My DataFrame looks like this:
TripID time Latitude Longitude SectorID
0 42 7 52.9 4.4 1
1 42 8 53.0 4.6 1
2 42 9 53.0 4.7 1
3 42 10 53.1 4.9 2
4 5 9 53.0 4.5 1
5 5 10 53.0 4.7 1
6 5 11 53.2 5.0 2
7 5 12 53.3 5.2 2
where the border between sectors 1 and 2 is pre-defined at longitude 4.8, so I would like to interpolate both the latitude and time at longitude 4.8 for each trip and sector border. I'm guessing a good solution will involve something like df.groupby(['TripID', 'SectorID'])
.
I tried adding an entry for each trip and sector that only has the Latitude of the sector's border in it and then using interpolate
, but adding the entries takes about an hour for me and interpolating the missing values crashes right away.
The result I'm looking for should look like this:
TripID time Latitude Longitude SectorID
0 42 7 52.9 4.4 1
1 42 8 53.0 4.6 1
2 42 9 53.0 4.7 1
8 42 9.5 53.05 4.8 1
3 42 10 53.1 4.9 2
4 5 9 53.0 4.5 1
5 5 10 53.0 4.7 1
9 5 10.3 53.06 4.8 1
6 5 11 53.2 5.0 2
7 5 12 53.3 5.2 2
I would also be happy about and able to work with a result that looks like this:
TripID SectorID leave_lat leave_lon leave_time
42 1 53.05 4.8 9.5
5 1 53.06 4.8 10.3
Please ask, if my description of the problem isn't quite clear.
Upvotes: 2
Views: 1058
Reputation: 848
I solved the issue in a different way. Because this solved the problem for me, but isn't the exact solution I asked for, I will accept Mr. T's answer. I am posting this for the sake of completeness anyway, so here is my solution:
Starting with the DataFrame df
from my question
TripID time Latitude Longitude SectorID
0 42 7 52.9 4.4 1
1 42 8 53.0 4.6 1
2 42 9 53.0 4.7 1
3 42 10 53.1 4.9 2
4 5 9 53.0 4.5 1
5 5 10 53.0 4.7 1
6 5 11 53.2 5.0 2
7 5 12 53.3 5.2 2
I used this code
df = df.sort_values('time')
df['next_lat'] = df.groupby('TripID')['Latitude'].shift(-1)
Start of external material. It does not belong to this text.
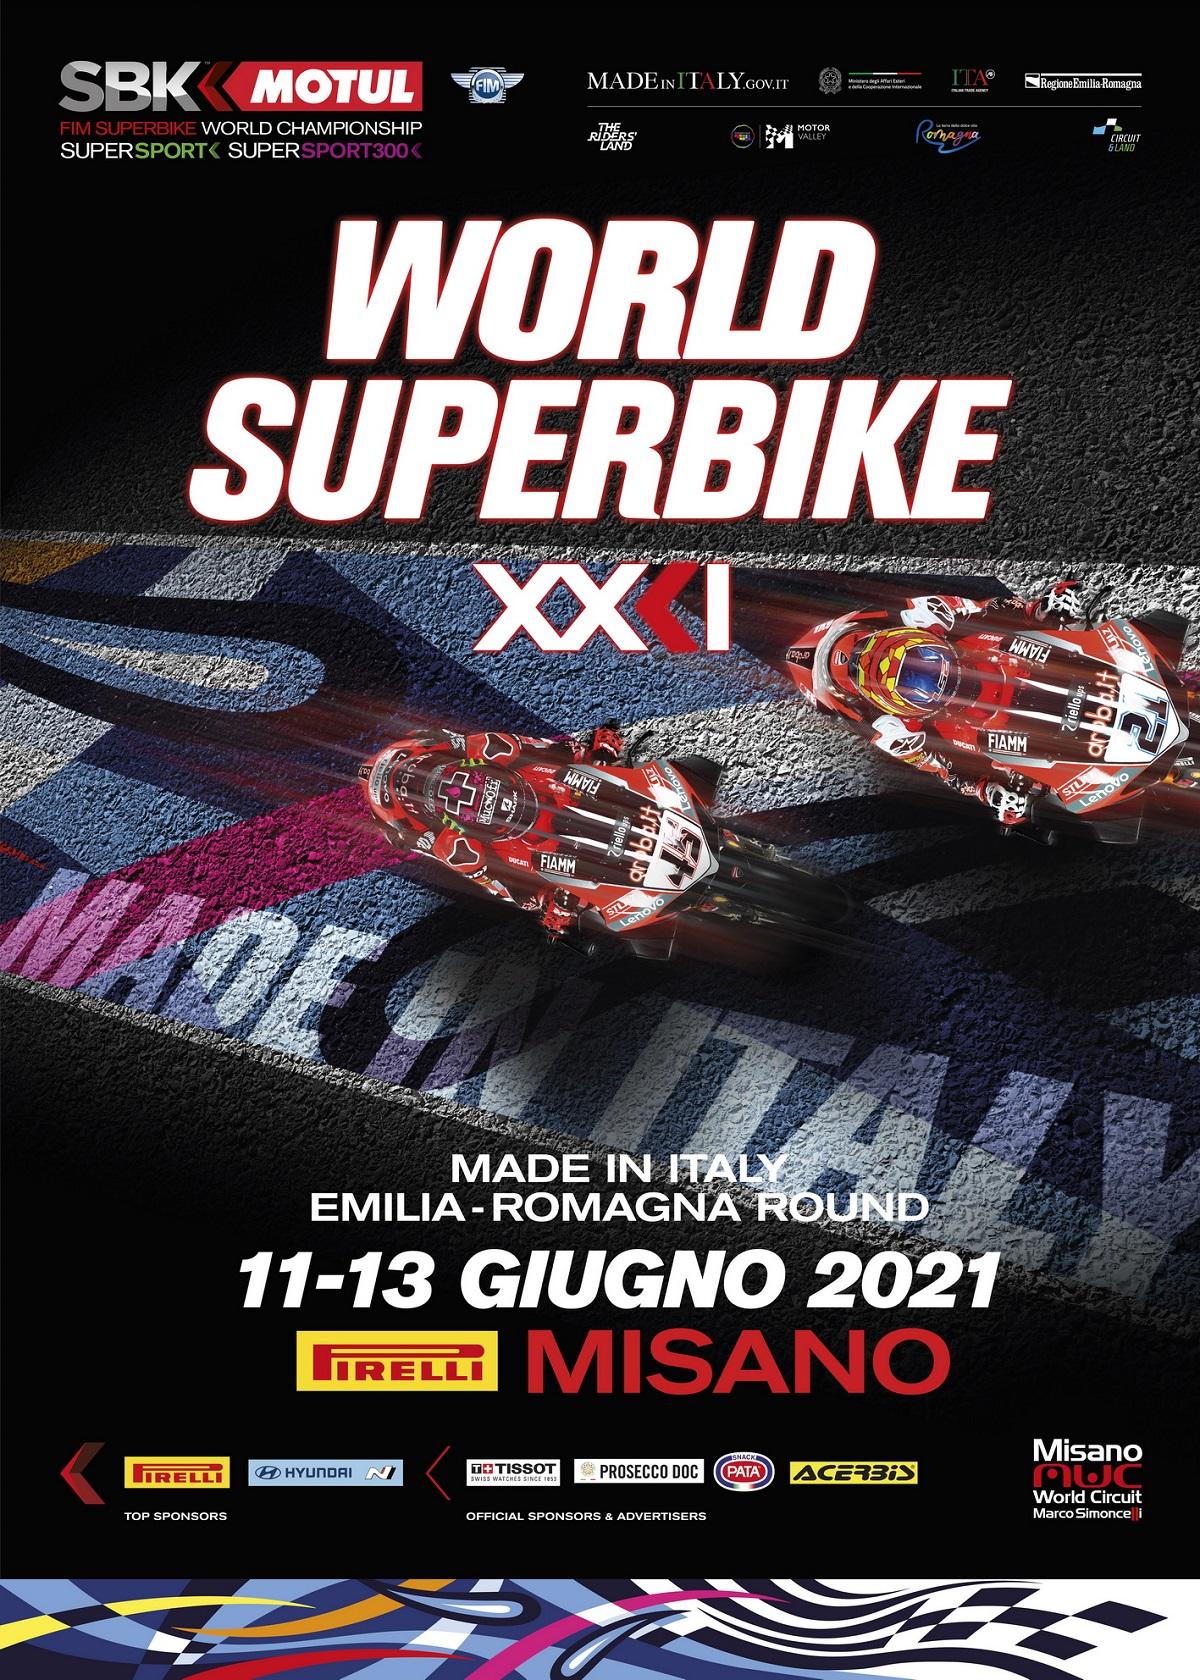 Pirelli Made in Italy & Emilia-Romagna Round al MWC

df['next_lon'] = df('TripID')['Longitude'].shift(-1)
df['next_time'] = df('TripID')['time'].shift(-1)
df['next_sector_id'] = df('TripID')['sector'].shift(-1)
df = df.sort_values(['TripID', 'time'])
df['next_trip_id'] = df['TripID'].shift(-1)
lasts = df[df['SectorID'] != df['next_sector_id']]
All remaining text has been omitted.